Clustering method as callable.

klapo · mtezzele · commit 4d896cc2e0cb · 2024-03-07T14:29:53.000-06:00
- Default is MiniKMeansBatch in both mrCOSTS/COSTS
- Adopted review suggestions
- Added doc string
- Cached class indexing for reconstruction.
diff --git a/pydmd/costs.py b/pydmd/costs.py
@@ -2,7 +2,7 @@
 from pydmd.bopdmd import BOPDMD
 from .utils import compute_rank, compute_svd
 import copy
-from sklearn.cluster import KMeans
+from sklearn.cluster import MiniBatchKMeans
 from sklearn.metrics import silhouette_score
 import matplotlib.pyplot as plt
 import xarray as xr
@@ -258,7 +258,6 @@ def build_windows(data, window_length, step_size, integer_windows=False):
         :type integer_windows: bool
         :return:
         """
-
         if integer_windows:
             n_split = np.floor(data.shape[1] / window_length).astype(int)
         else:
@@ -329,11 +328,9 @@ def _build_initizialization(self):
         :return: First guess of eigenvalues
         :rtype: numpy.ndarray or None
         """
-        # If not initial values are provided return None by default.
-        init_alpha = None
         # User provided initial eigenvalues.
         if self._initialize_artificially and self._init_alpha is not None:
-            init_alpha = self._init_alpha
+            return self._init_alpha
         # Initial eigenvalue guesses from kmeans clustering.
         elif (
             self._initialize_artificially
@@ -347,6 +344,7 @@ def _build_initizialization(self):
             init_alpha = init_alpha * np.tile(
                 [1, -1], int(self._svd_rank / self._n_components)
             )
+            return init_alpha
         # The user accidentally provided both methods of initializing the eigenvalues.
         elif (
             self._initialize_artificially
@@ -356,8 +354,9 @@ def _build_initizialization(self):
             raise ValueError(
                 "Only one of `init_alpha` and `cluster_centroids` can be provided"
             )
-
-        return init_alpha
+        # If not initial values are provided return None by default.
+        else:
+            return None
 
     def fit(
         self,
@@ -516,7 +515,9 @@ def fit(
             self._amplitudes_array[
                 k, : optdmd.eigs.shape[0]
             ] = optdmd.amplitudes
-            self._window_means_array[k] = c.flatten()
+            self._window_means_array[k] = np.mean(
+                data_window, 1, keepdims=True
+            ).flatten()
             self._time_array[k] = original_time_window
 
             # Reset optdmd between iterations
@@ -549,16 +550,14 @@ def get_window_indices(self, k):
         if k == self._n_slides - 1 and self._non_integer_n_slide:
             return slice(-self._window_length, None)
         else:
-            return slice(
-                sample_start, sample_start + self._window_length
-            )
+            return slice(sample_start, sample_start + self._window_length)
 
     def cluster_omega(
         self,
         n_components,
         kmeans_kwargs=None,
         transform_method=None,
-        method="KMeans",
+        method=MiniBatchKMeans,
     ):
         """Clusters fitted eigenvalues into frequency bands by the imaginary component.
 
@@ -567,35 +566,33 @@ def cluster_omega(
         :type method: str
         :param n_components: Hyperparameter for k-means clustering, number of clusters.
         :type n_components: int
-        :param kmeans_kwargs: Arguments for KMeans clustering.
+        :param kmeans_kwargs: Arguments for KMeans clustering.

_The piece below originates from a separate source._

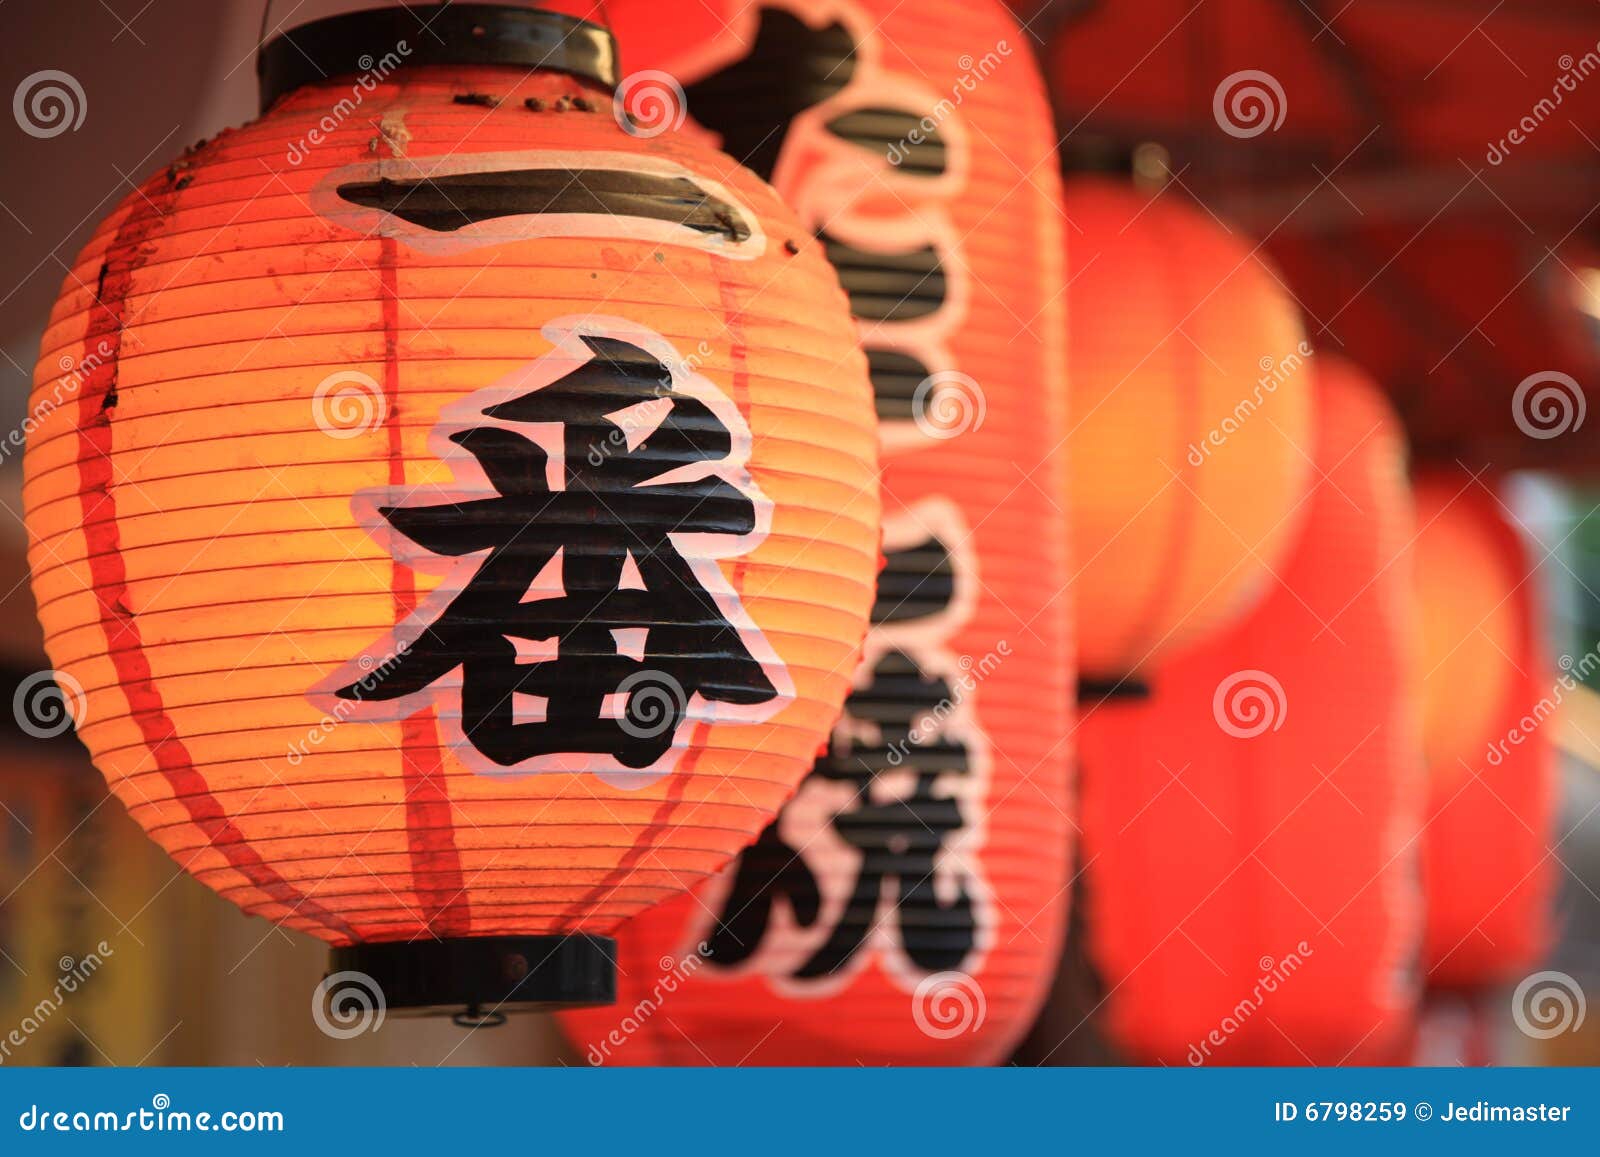 Lanterne Japonaise De Kyoto Image stock - Image du japonais, asie: 6798259
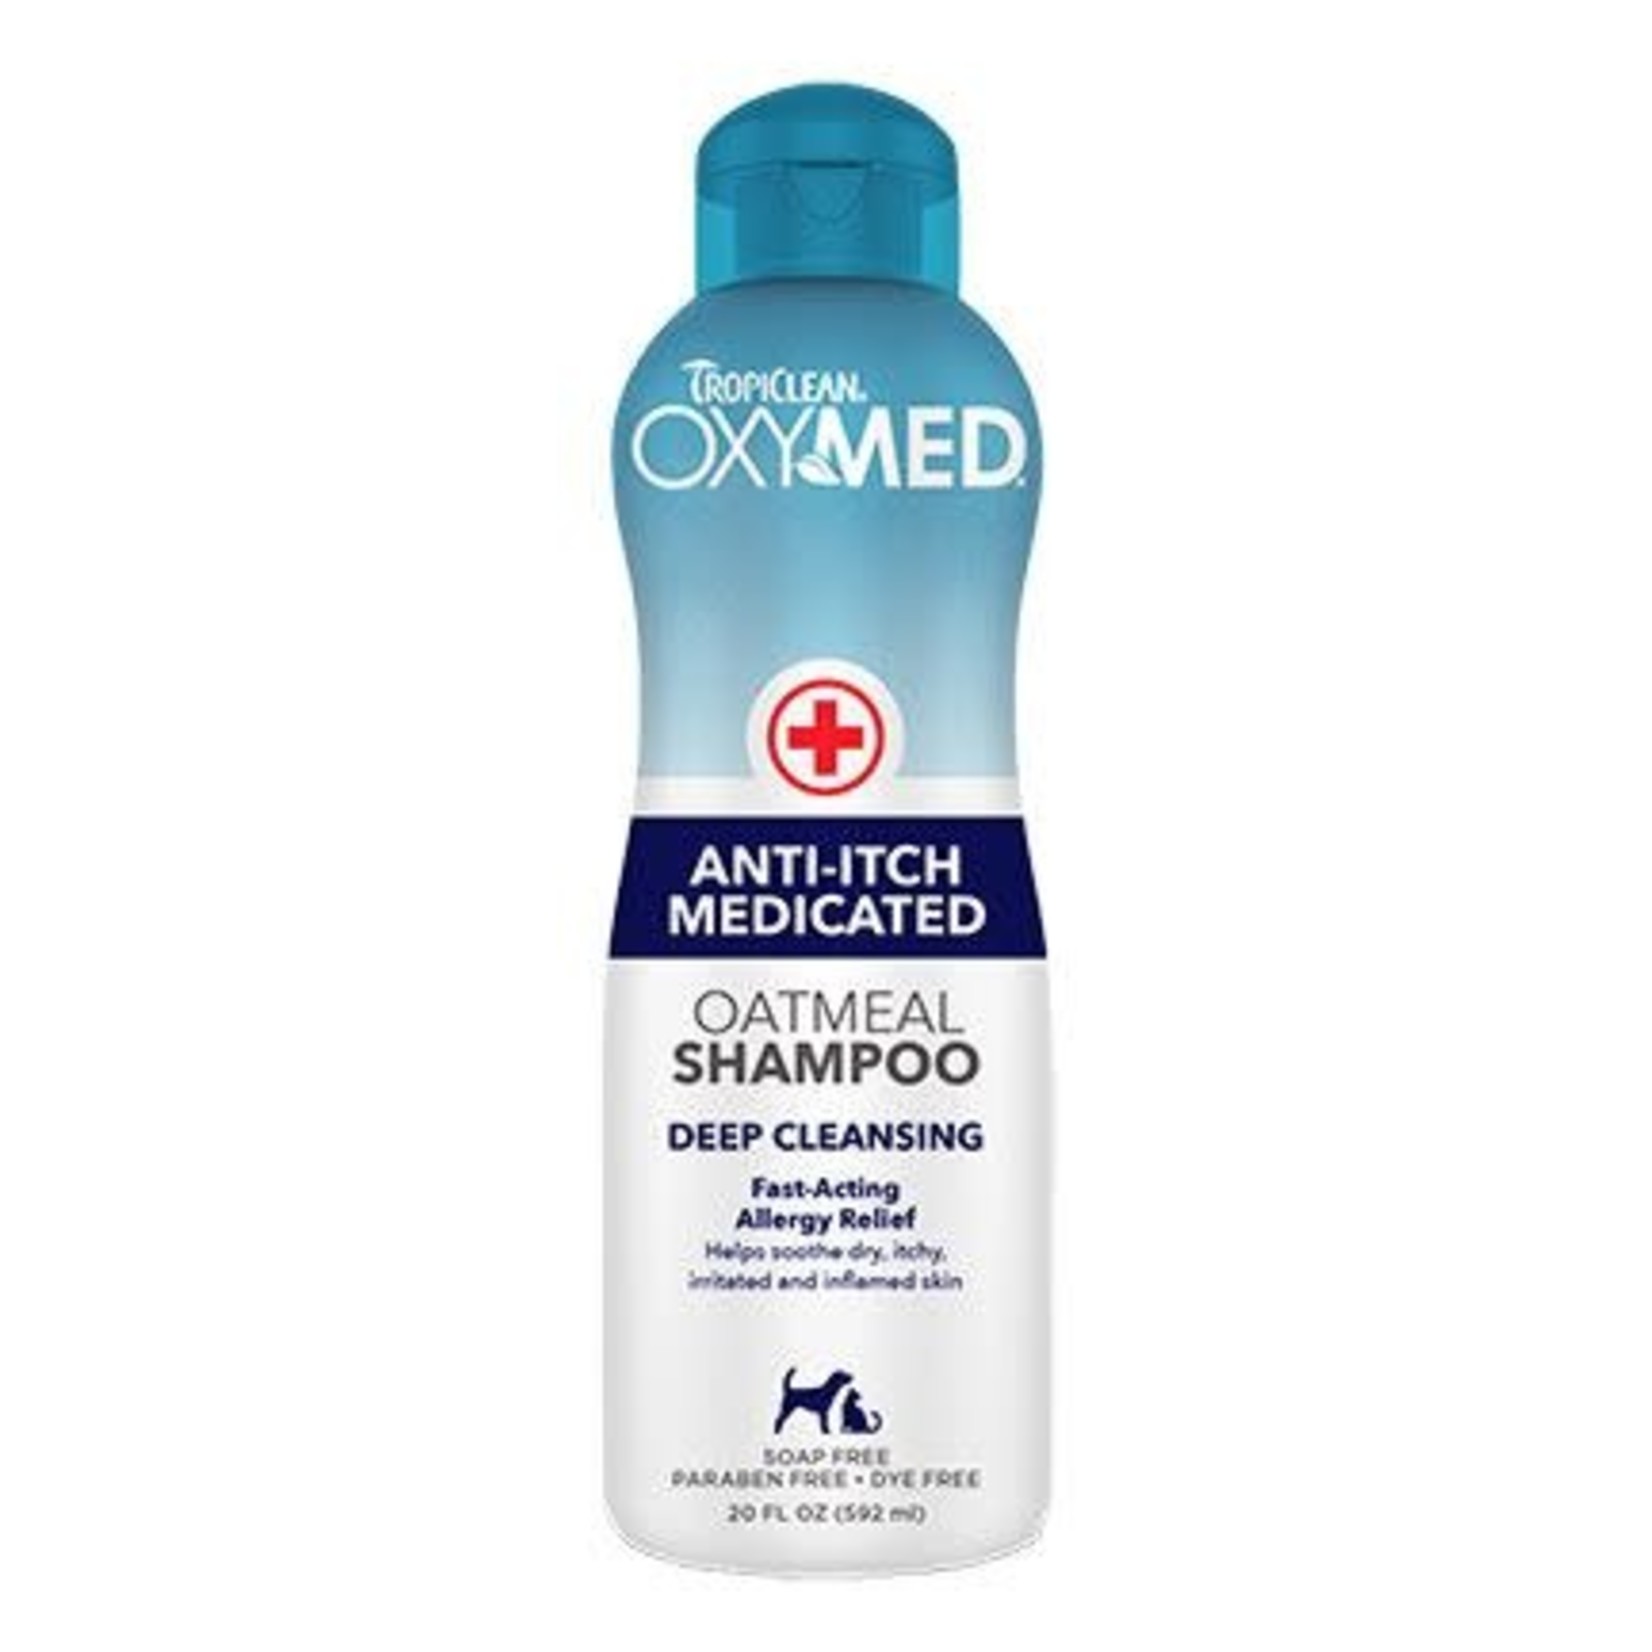 TropiClean Anti-Itch Medicated Oatmeal Shampoo

The default is
+            random_state = 0.
         :type kmeans_kwargs: dict
         :param transform_method: How to transform omega. See docstring for valid options.
         :type transform_method: str or NoneType
         :return:
         """
         # Reshape the omega array into a 1d array
-        omega_array = self.omega_array
-        n_slides = omega_array.shape[0]
-        svd_rank = omega_array.shape[1]
-        omega_rshp = omega_array.reshape(n_slides * svd_rank)
+        n_slides = self.omega_array.shape[0]
+        svd_rank = self.omega_array.shape[1]
+        omega_rshp = self.omega_array.reshape(n_slides * svd_rank)
         omega_transform = self.transform_omega(
             omega_rshp, transform_method=transform_method
         )
 
         if kmeans_kwargs is None:
+            kmeans_kwargs = {}
             random_state = 0
-            kmeans_kwargs = {
-                "random_state": random_state,
-            }
-        if method == "KMeans":
-            clustering = KMeans(n_clusters=n_components, **kmeans_kwargs)
-        elif method == "KMediods":
-            from sklearn_extra.cluster import KMedoids
-
-            clustering = KMedoids(n_clusters=n_components, **kmeans_kwargs)
-        else:
+            kmeans_kwargs["random_state"] = kmeans_kwargs.get(
+                "random_state", random_state
+            )
+        clustering = method(n_clusters=n_components, **kmeans_kwargs)
+        if not hasattr(clustering, "fit_predict") and callable(
+            getattr(clustering, "fit_predict")
+        ):
             raise ValueError(
-                "Unrecognized clustering method {}.".format(method)
+                "Clustering method must have `fit_predict()` method."
             )
 
         omega_classes = clustering.fit_predict(np.atleast_2d(omega_transform).T)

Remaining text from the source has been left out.